» ABOUT THIS TASK: Type out the complete listing below word for word, without its pictures.
MATERIAL PROVIDED: Begin
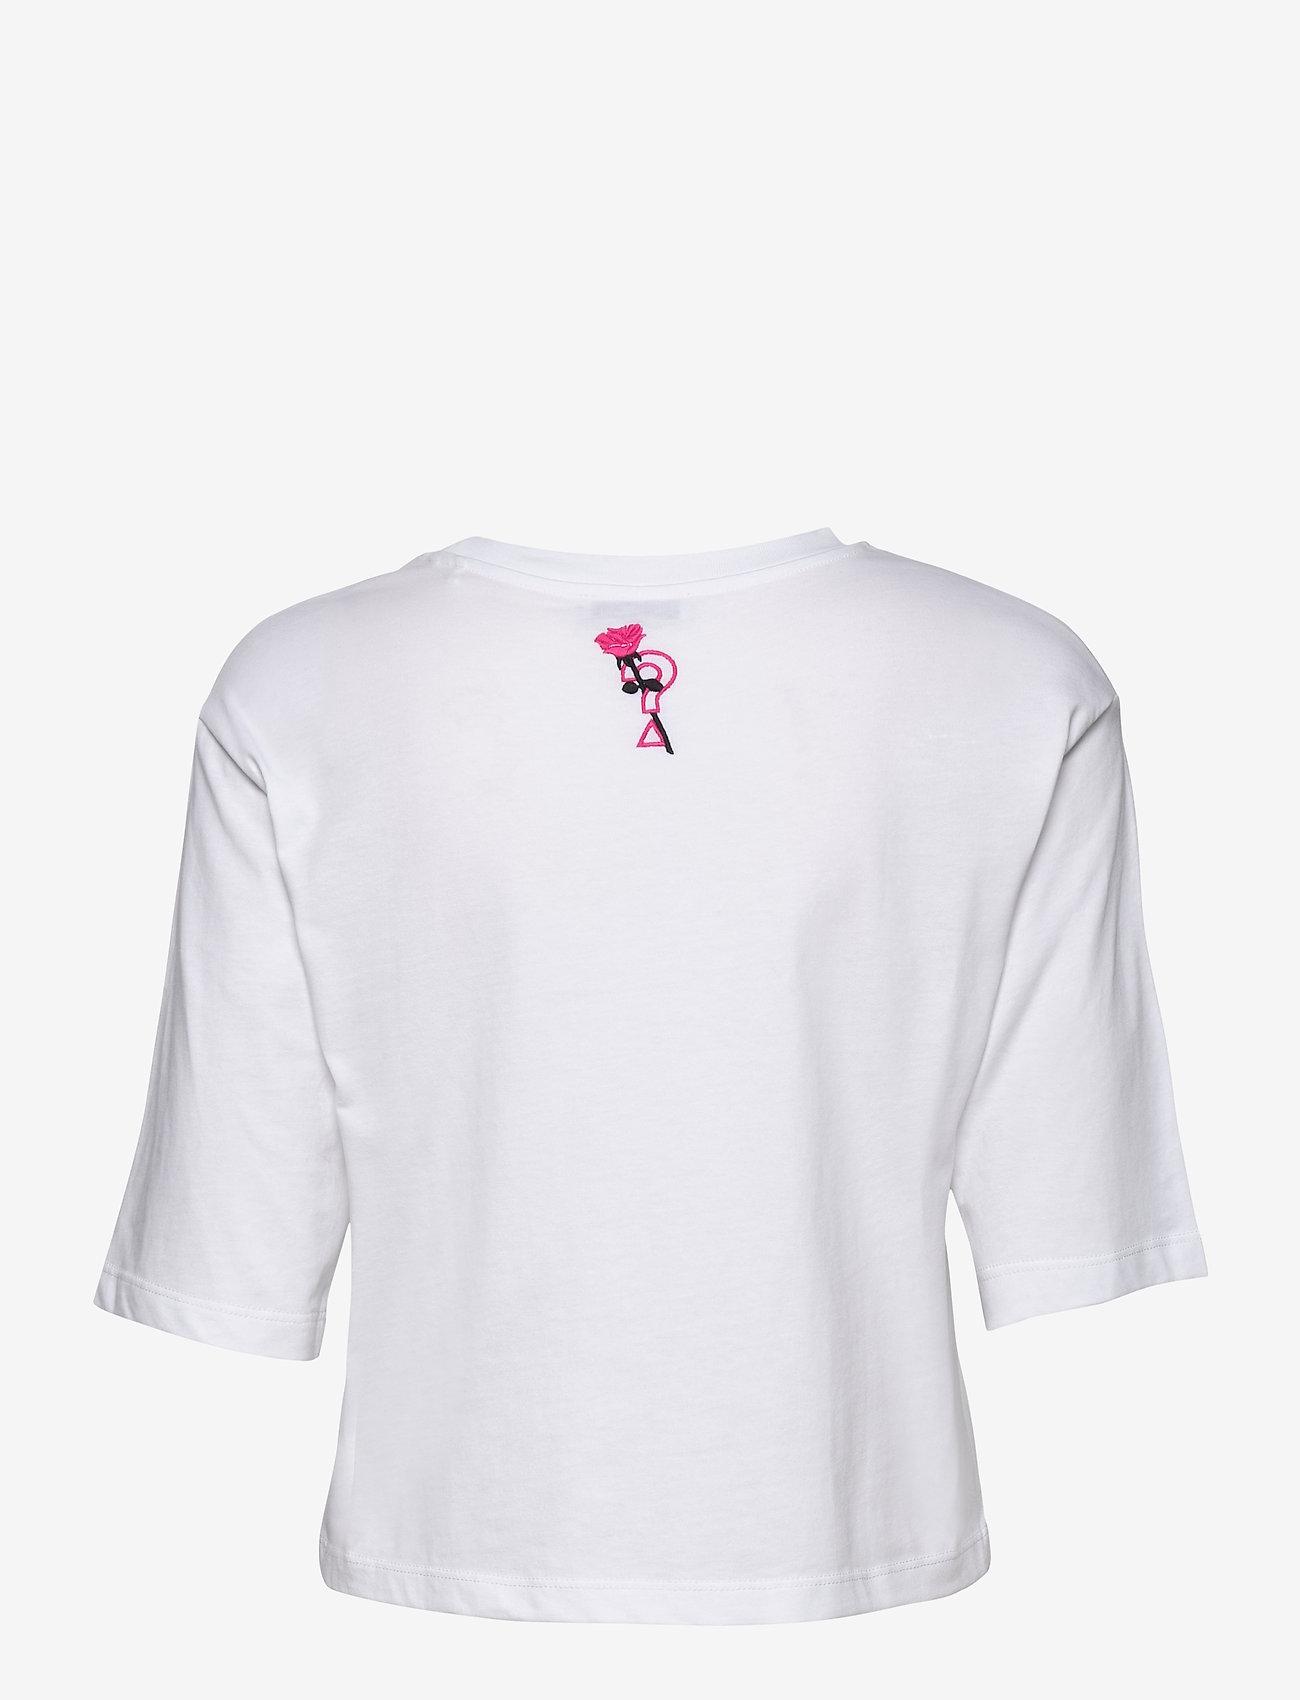 GUESS Jeans SS CN KENDRA TEE - T-shirts & topper TRUE WHITE A000 - Dameklær Spesialtilbud
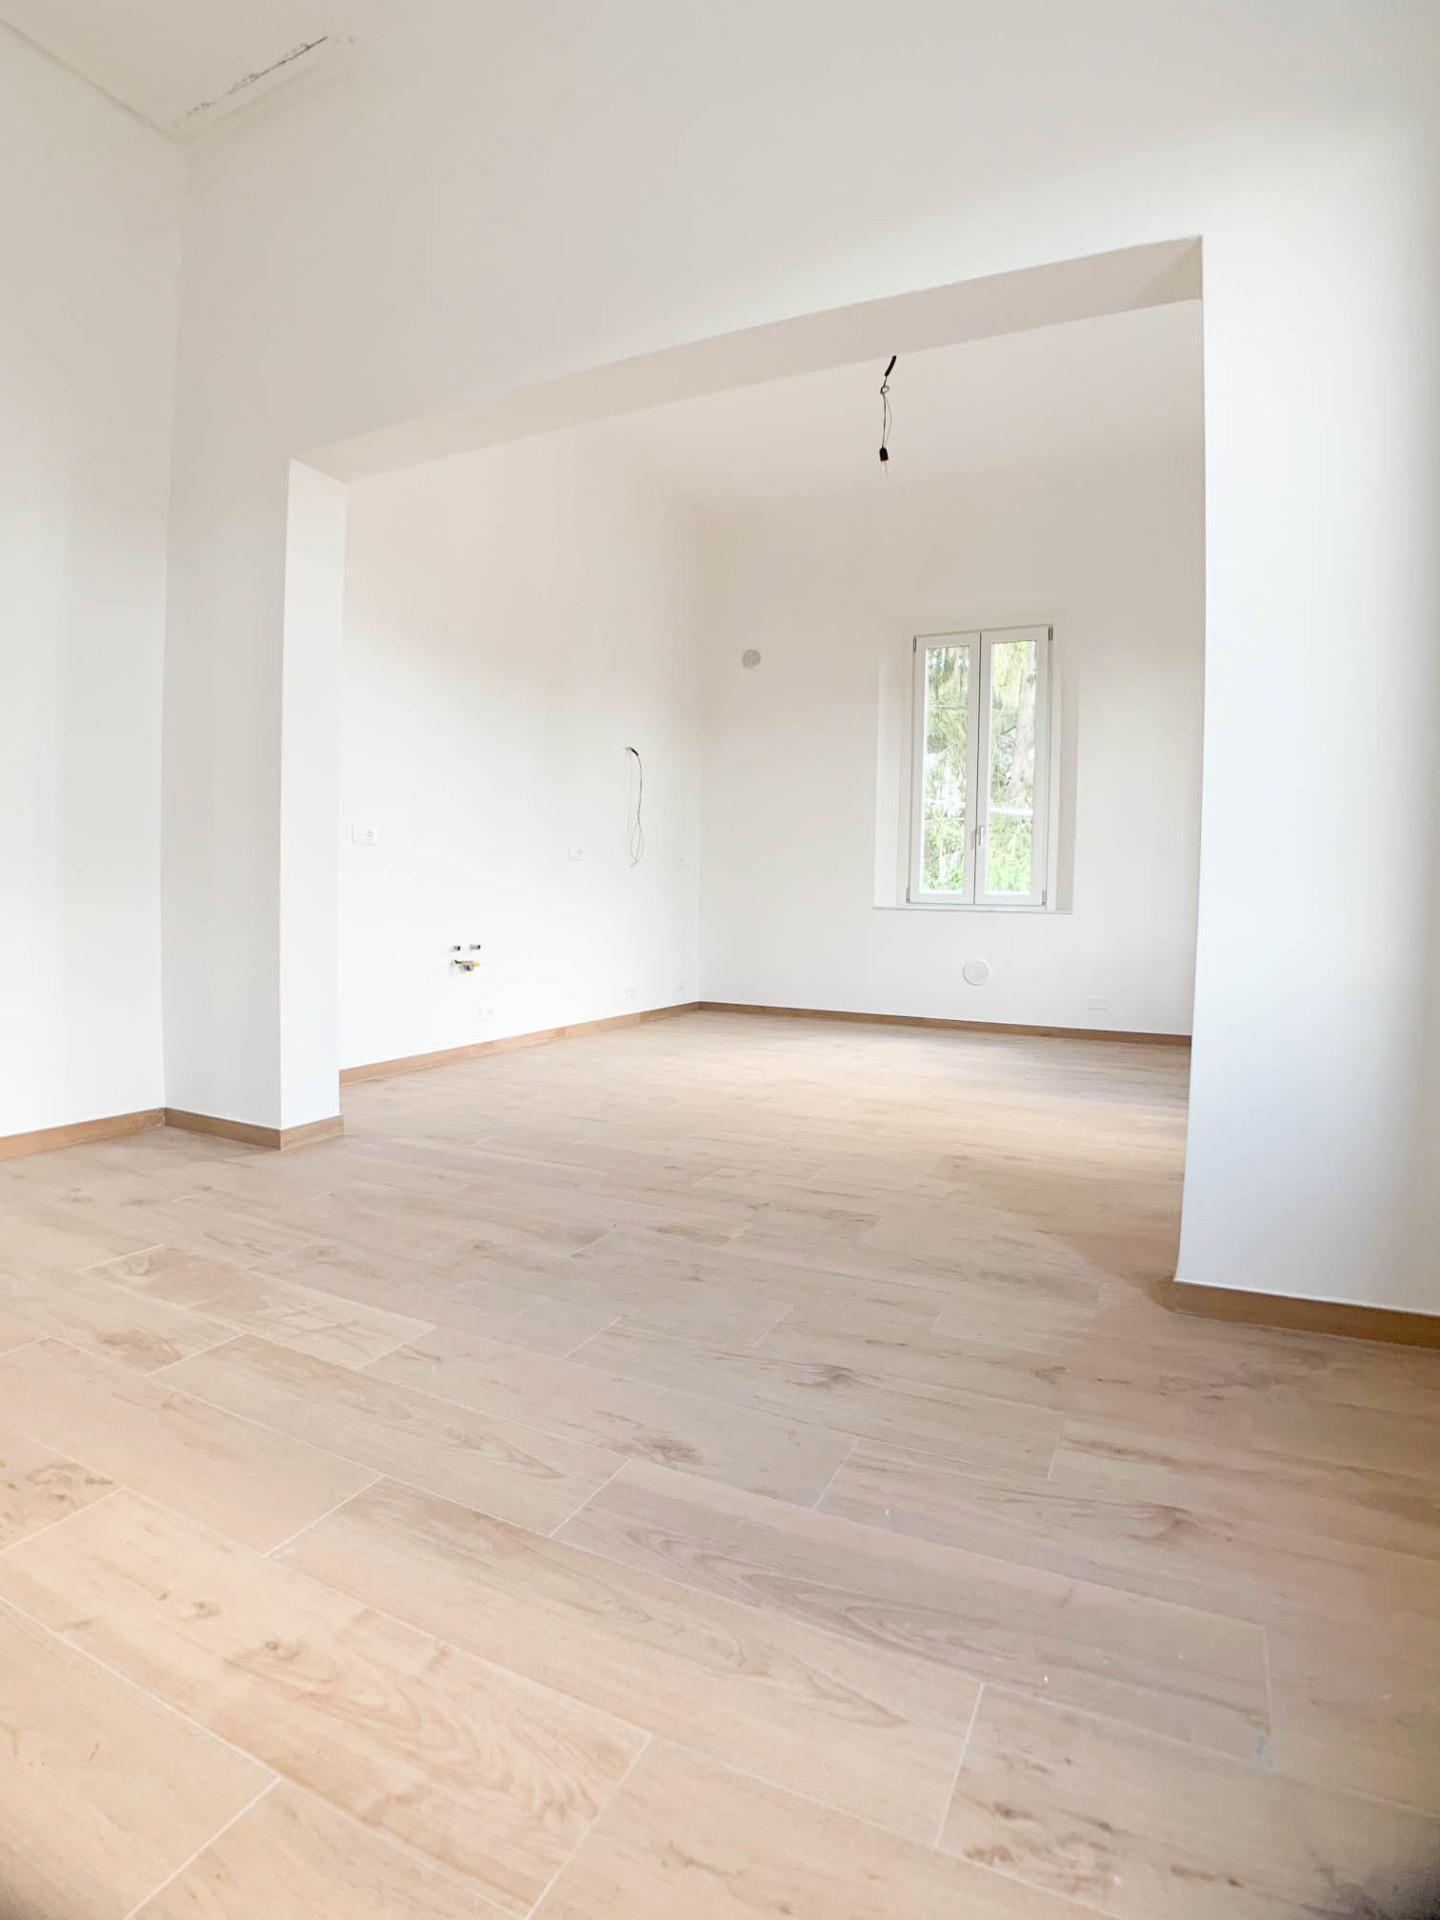 Porzione di casa in vendita, rif. 216v
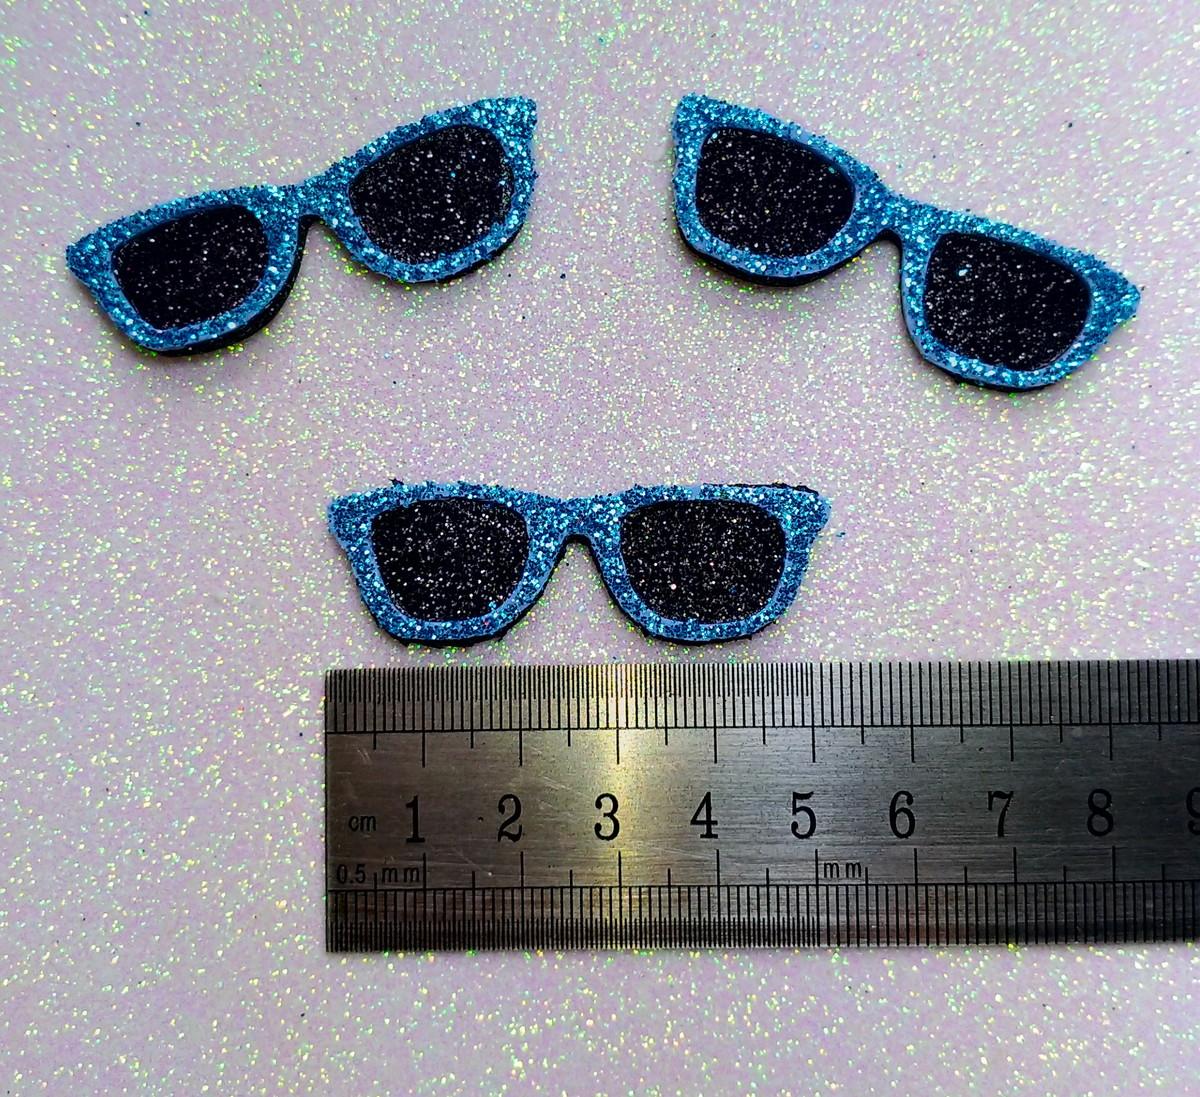 b7efc4b1d87e9 Óculos de Sol - EVA (Azul Glitter) no Elo7
MATERIAL PROVIDED: End
» TASK RESULT:
 GUESS Jeans SS CN KENDRA TEE - T-shirts & topper TRUE WHITE A000 - Dameklær Spesialtilbud
 Porzione di casa in vendita, rif. 216v
 b7efc4b1d87e9 Óculos de Sol - EVA (Azul Glitter) no Elo7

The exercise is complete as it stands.